BMW 1-Series Marks Automaker's Biggest Online Effort Yet

By Michelle Krebs April 7, 2008

A campaign now under way for the BMW 1-Series makes extensive use of nontraditional 2008_bmw_1series_250   media and is trying to promote the tiny compact coupe and convertible as a "pure BMW," The New York Times reports.

Patrick McKenna, manager for marketing communications at BMW of North America in Woodcliff Lake, N.J., told The New York Times that the 1-Series introduction represents “the highest concentration of nontraditional media of any BMW launch.”

Almost half the spending for the campaign, estimated at $15 million to $25 million, is devoted to online media, the paper reports. By comparison, Internet ad spending for other models ranges from 1 percent to 15 percent of the total ad budgets, BMW executives told the paper.
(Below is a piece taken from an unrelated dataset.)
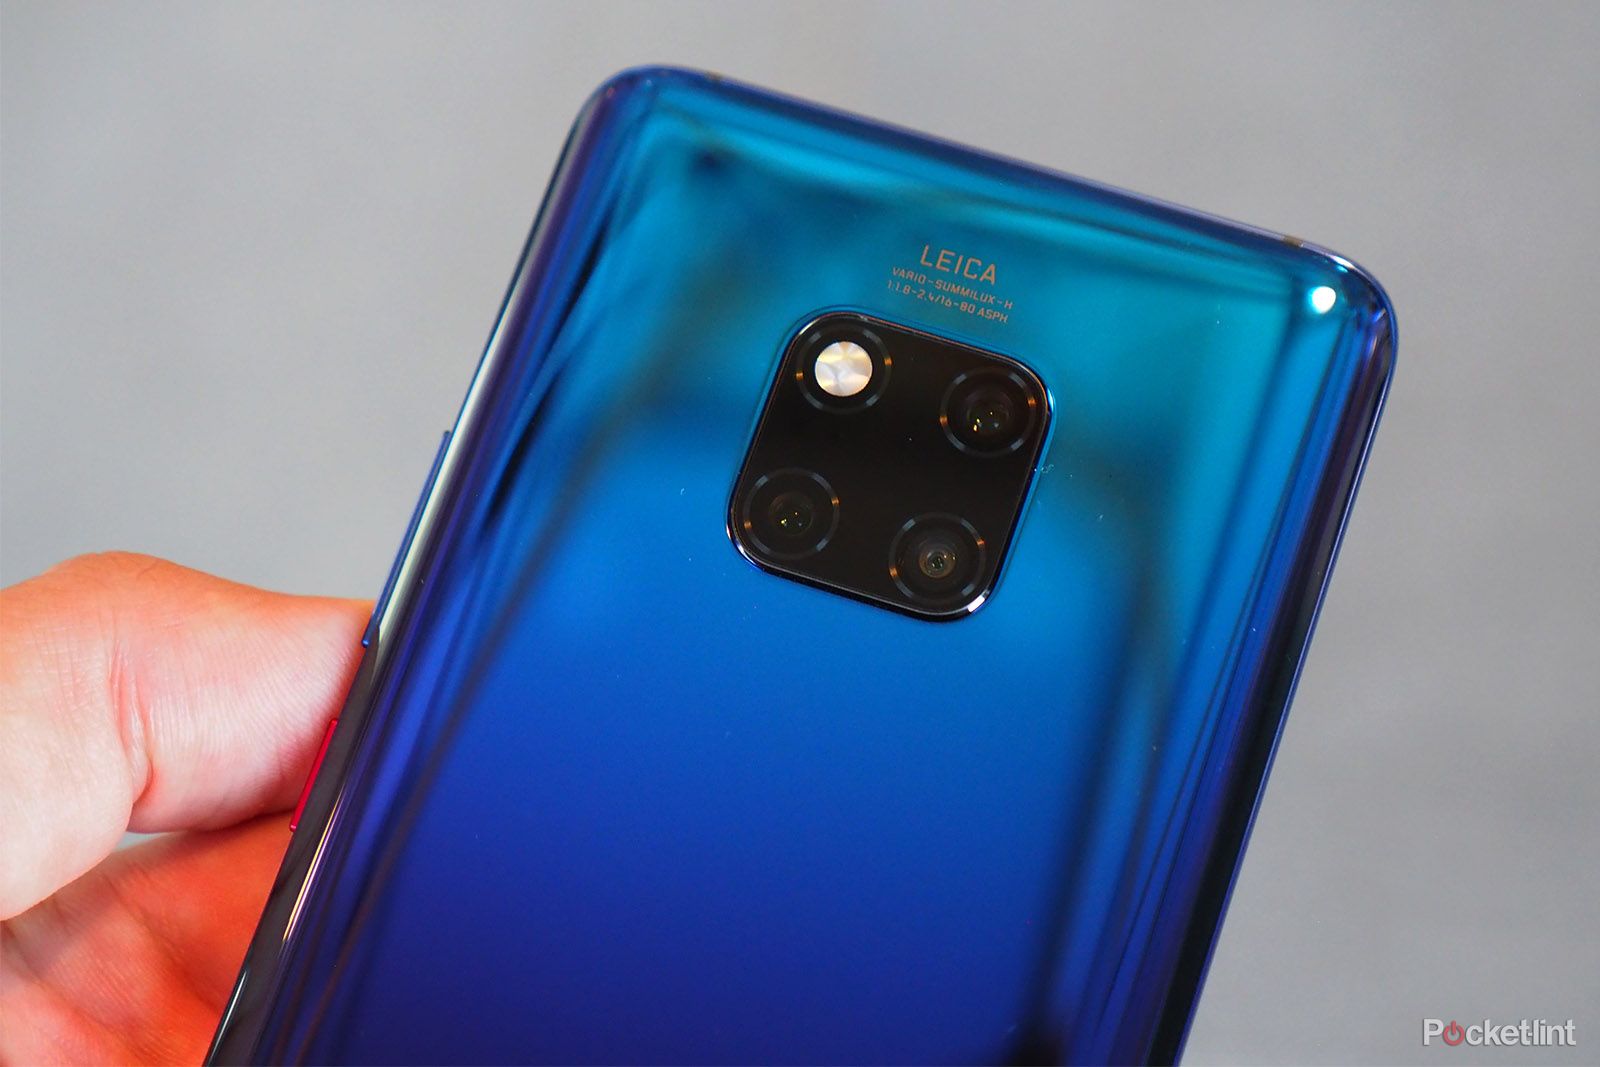 dual triple quad camera smartphones the history running through to the samsung galaxy s10 image 7

The online elements of the 1-Series campaign include: letting members of the Facebook social-networking site  design virtual cars and send them to Facebook friends; buying dominant positions on the home pages of msn.com and yahoo.com; posting video clips on YouTube; and developing a microsite devoted to the 1-Series.

The New York Times' advertising column in Monday's paper points out unconventional approaches for the traditional media as well. Three magazines — City, Dwell and Paste — are printing pure-white covers that are glued over the actual front covers of the issues; there are ads for the 1-Series on the other sides of the extra covers. Magazines like City and AutoWeek are running tiny ads for the 1-Series with numerical themes at the bottom of editorial pages, which double as page-number identifications. For instance, a tiny ad for a white car on page 26 of the April issue of City is next to this sentence: “26: number of bones in right foot you’ll use to crush the gas pedal on the all-new BMW 1-Series.” At the bottom of page 60, there is a miniature red car and this sentence: “60: m.p.h. you can reach in 5.1 seconds with the all-new BMW 135i coupe.”

The general gist of the campaign seeks to reassure potential buyers that the new model is indeed a “pure BMW” despite being smaller and less expensive.

The ads are a collaboration between two agencies: GSD&M Idea City in Austin, Tex., part of the Omnicom Group, and Dotglu in New York, part of the Kirshenbaum Bond & Partners division of MDC Partners.